After the excessive rain this summer in Germany, it's the river surfers in the City of Munich who are the happiest. The Eisbach river which flows through downtown Munich now has extreme volume and fast flow rate which churn up explosive waves.
Judging by their expressions, it was pure joy to ride the one meter high waves on this bright, warm (26 degrees Celsius) Tuesday at the end of July.
There were somewhere between 12-20 surfers on this particular afternoon. In my sources below it says that only experienced Eisbach river surfers are allowed and by now over 2000 people have surfed the Wave. (*2) Yet, even world-famous ocean surfers have a difficult time to get onto and successfully surf the Eisbachwelle. (*1)
The Eisbachwelle is dangerous and very difficult to surf, even for experienced surfers because the water moves in ways which is completely unlike ocean waves. In addition, the area to surf is very narrow, only 12 meters wide. Thus, the surfers are constantly turning to maintain their balance and stay on the Wave.
The surfing scene on the Eisbach is similar to gangs in major cities. In Munich the cliques refer to themselves as crews. Sometimes there's cooperation and comradeship between the crews, for example when it comes to the authorities and use of the river, however, most of the time there's fierce competition.
I observed that the crews made it a point to ignore their competition particularly when a surfer from another crew was showing off or performing a stunt like in the image below.
Unlike surfing on the ocean, there's a direct / indirect dialog with the other surfers and the crowds of observers due to the immediate proximity.
The crowds along the shores and on the bridge ignored all Corona warning signs about social distancing, wearing masks and particularly the notice " no spectactors allowed ".

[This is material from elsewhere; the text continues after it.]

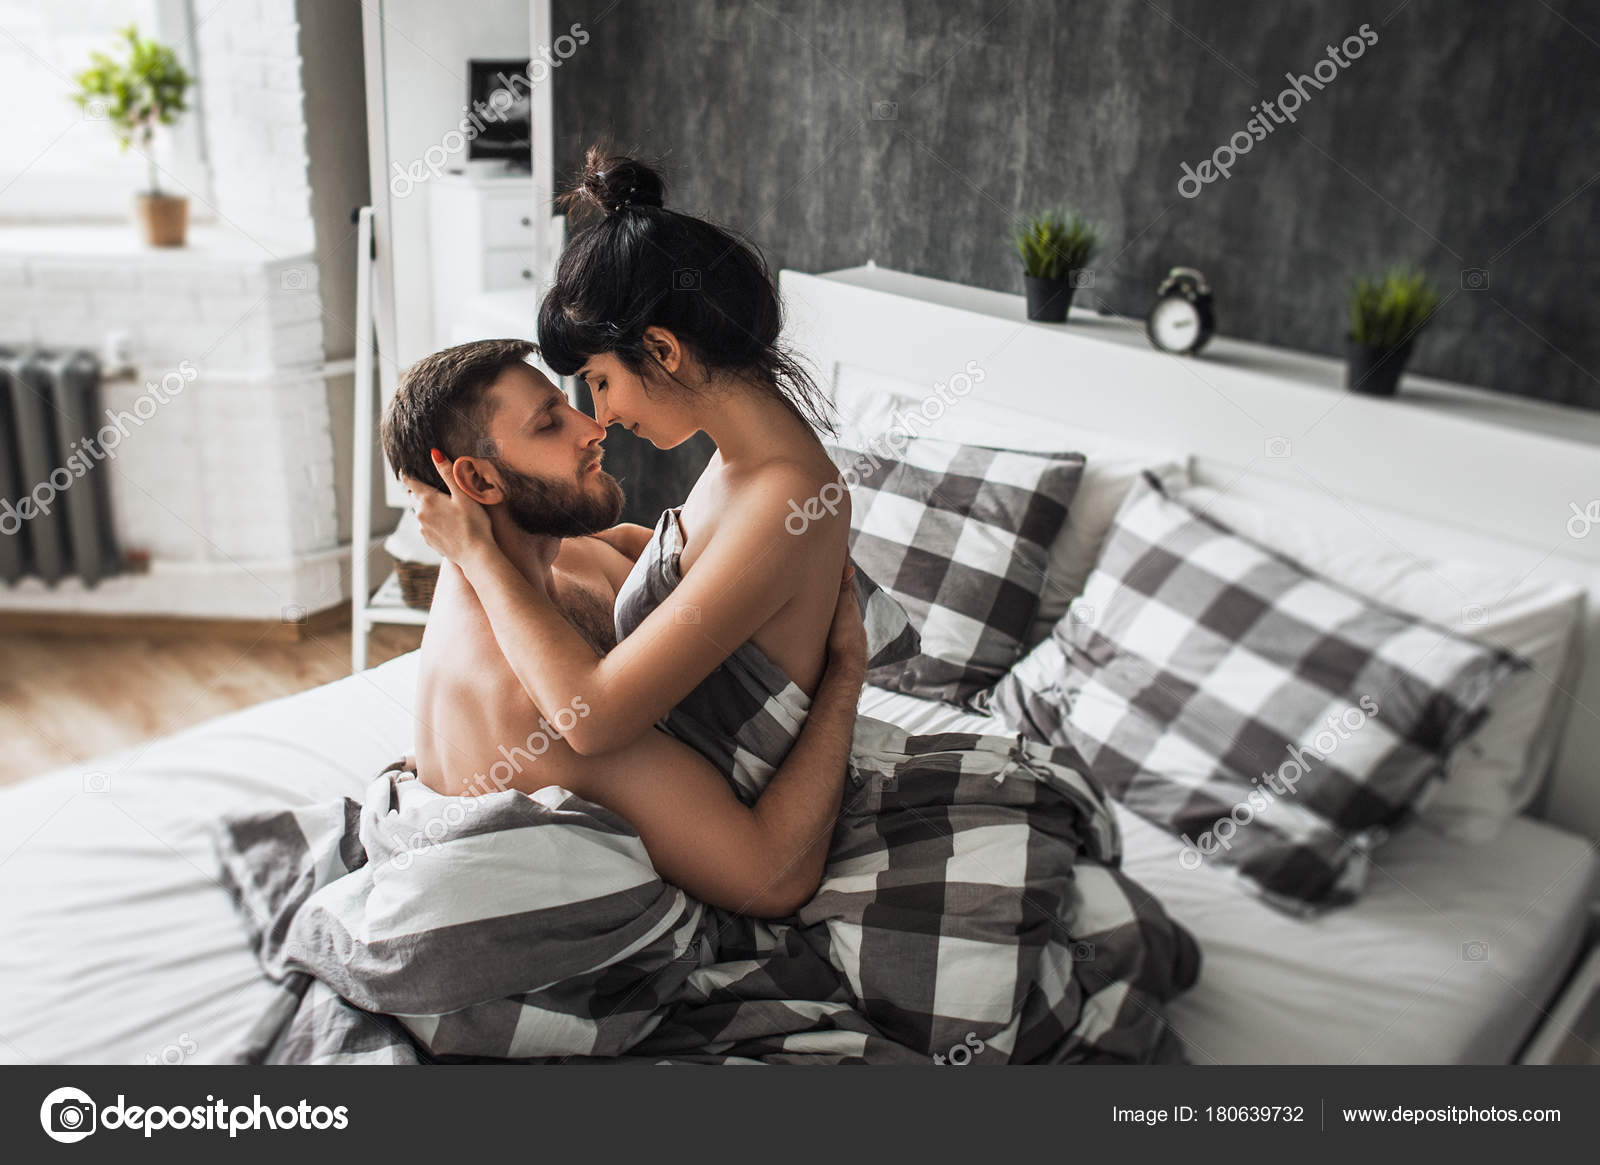 husband and wife making love in bed

For over 10 years, the Eisbachwelle has been a popular tourist attraction and everyone I know has already watched this surfing scene. However, it wasn't always this way.
For decades it was strictly forbidden to surf the river. Police would chase the illegal surfers, arrest them and confiscate their surfboards. Obviously that made surfing the Eisbachwelle all the more attractive and epic.
The genesis of river surfing in Munich goes back to the 1970's when pioneers installed a cable on the shore and used primitive wooden boards to ride on the river. Today they use surf boards specially designed and produced for river surfing.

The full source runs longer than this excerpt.